Jewellery designer Stephen Einhorn set up his label in 1995. Ranging from anywhere between bespoke designs to commissions for Hollywood films, his pieces are unique, diverse and innovative.

What sparked your interest for design?
I’ve drawn and sculpted ever since I was a kid, so design was a natural development. I started off as a model-maker - making models for large advertising agencies like Saatchi & Saatchi and companies including Coca-Coca and IBM. Then, in 1995, I decided to sell my company and open my design studio and workshop in Islington to concentrate on my own designs.
I think that design is extremely important in every aspect of our lives and it annoys me that some things we use everyday are designed beautifully - like Mac computers - but then there’s an awful lot of stuff that isn’t. Why we can design the London Tube map in such an innovative, clever, and graphic way, and then forget about the importance and functionality of road signs, street furniture and everyday objects, is beyond me.
How do you go about designing a piece?
I’ll get an idea in my head, and then I’ll draw a quick sketch, followed by sculpting/modeling.

How would you say you’ve evolved as a designer?
I’ve always made what I like and still do. I’m not tied down to fashion in any way, I just make what I think is interesting. I love using traditional techniques but I’m not enamoured with repeating designs that have gone before. I like new, modern, and interesting designs and to pay as much attention to the back of a piece, a catch, the shape of the inside of a ring, as I do the parts you can see - every detail is carefully considered.
Where do you draw your inspiration from?
The natural world is one of my greatest sources of inspiration; British engineering and design as well. London - the creative and culturally rich city I live in - has always been a constant source of inspiration. There are loads of artists and designers, architects etc that I admire and whose work I find inspiring, such as Thomas Heatherwick.
I am always looking for new and interesting materials to use. Materials that you wouldn’t necessarily think of in association with jewellery design, such as granite and concrete which actually look beautiful when polished; I really enjoy the process of working out how to adapt them and make them work. For instance the 2000-year-old Thames wood that I use in one of my collections was particularly hard to stabilize. I spent a lot time developing a unique impregnation and sealing technique to protect and waterproof this beautiful and rare material, which had been buried in silt for 2000 years.

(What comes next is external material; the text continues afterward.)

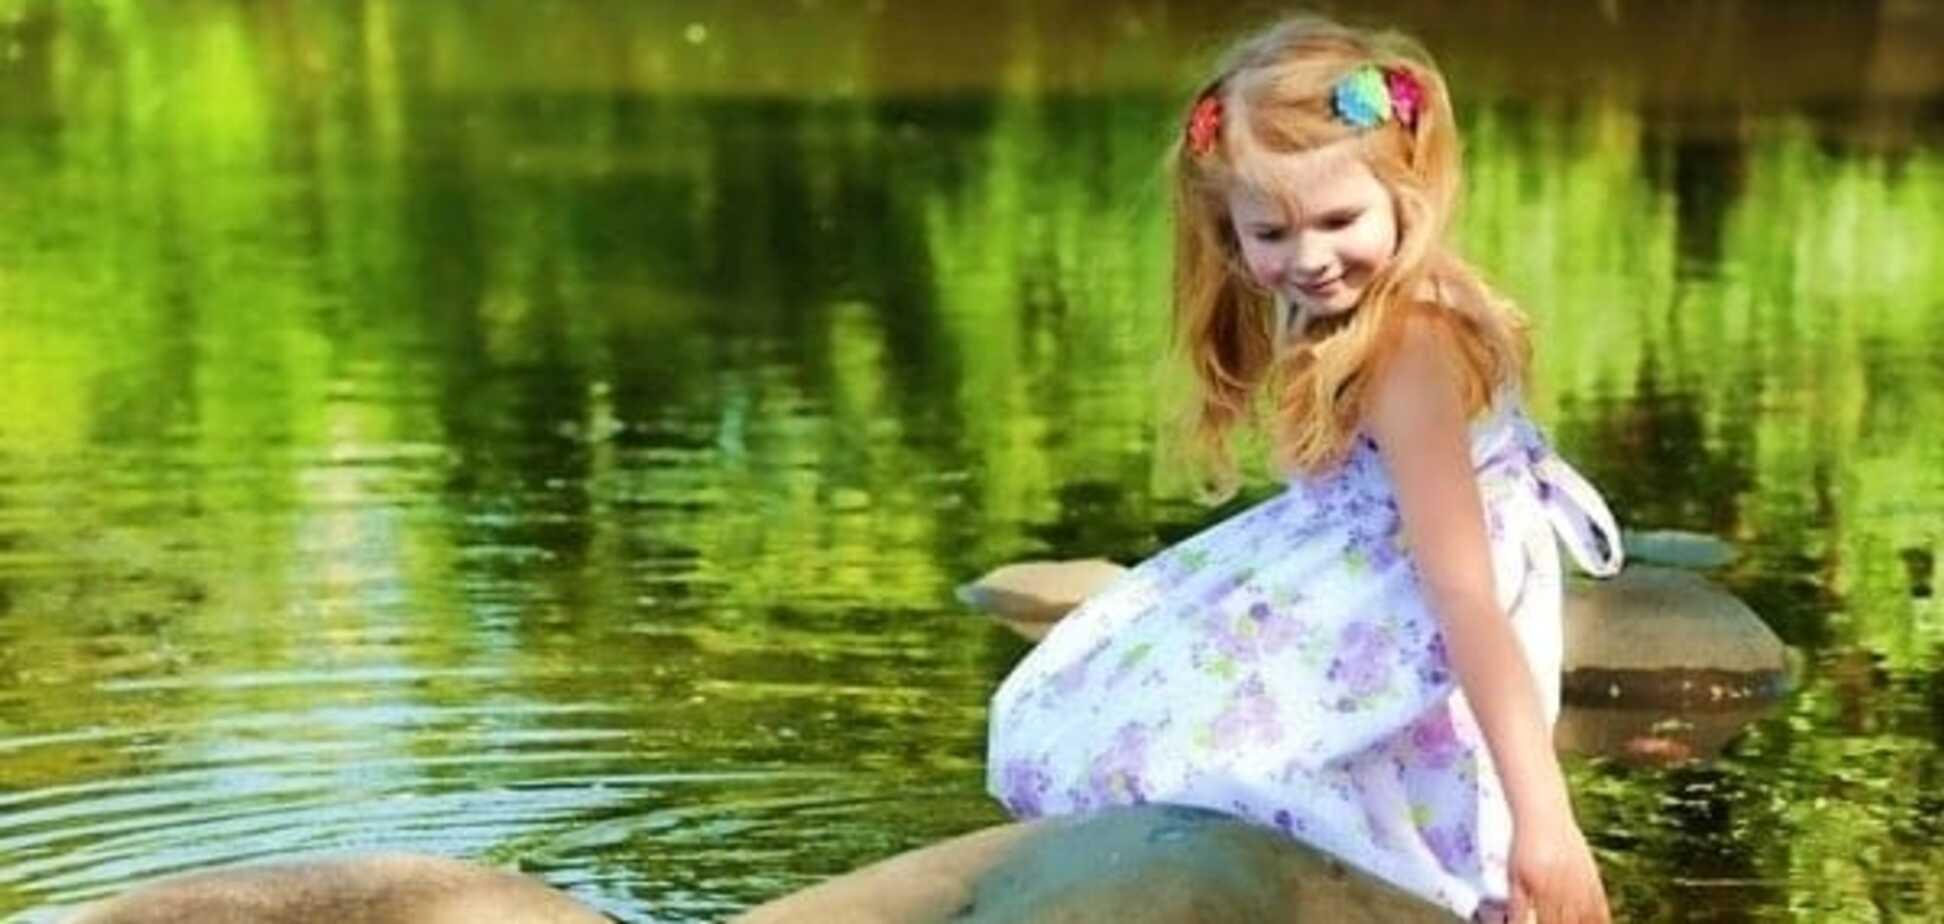 Естетичне виховання дітей (старший дошкільний вік)

Do you have any upcoming projects?
I’m currently working on my “Insecta” collection based on stag beetles, which was inspired by the bespoke pieces I recently made for Charlize Theron’s Evil Queen character in Snow White and the Huntsman. I was drawn to the vast variations of colour and intricate details of these creatures: they are beautiful and a bit scary all at the same time.
How does designing for men and women compare?
The real answer is that I design more for the size of someone’s hands. I don’t want to make a statement about designing for men or women because that sounds too limiting, and besides, in this day and age, I think we should have moved passed that type of classification. Why should I say something is masculine or feminine? I have a design signature but I like to make different styles that will suit different people. But the difference between men and women? There isn’t one as far as designing is concerned.

Where do you feel jewellery stands in the world of fashion?
There are many positive and negative things about both the jewellery and the fashion world. Creativity, change and development is incredible, but there are also a lot of social and ethical issues that surround these industries and I think we all need to pay much more attention to these. When I started my label one of my pledges was a commitment to social, environmentally and ethical responsibility. This continues today and runs through every part of the business, from responsible sourcing of materials (we only use conflict free stones and most of the precious metal we use is recycled) to employee work/life balance.
After trying to be as ethically sound as we could be for the last seventeen years we became one of the few businesses in the UK who were given the license to be able to sell Fairtrade and Fairmined gold - this has been a brilliant part of our story.
What sort of jewellery do you wear yourself?
Large rings set with diamonds, rubies, green tsavorites and our 2000-Year-Old Thames Wood. I also wear cufflinks and wrist chains.
What has been the most memorable piece you’ve ever made?
This is too hard to choose... I love the simple design of my spiral corkscrew. The simplicity hides the incredibly hard production techniques it actually took to make it. The experience of making the ring for Johnny Depp’s character in Tim Burton’s Dark Shadows film was totally amazing. I also have a real soft spot for the Flame ring, a design which pays homage to my fascination with fire and its constantly changing shapes, mesmerising abilities and primeval quality.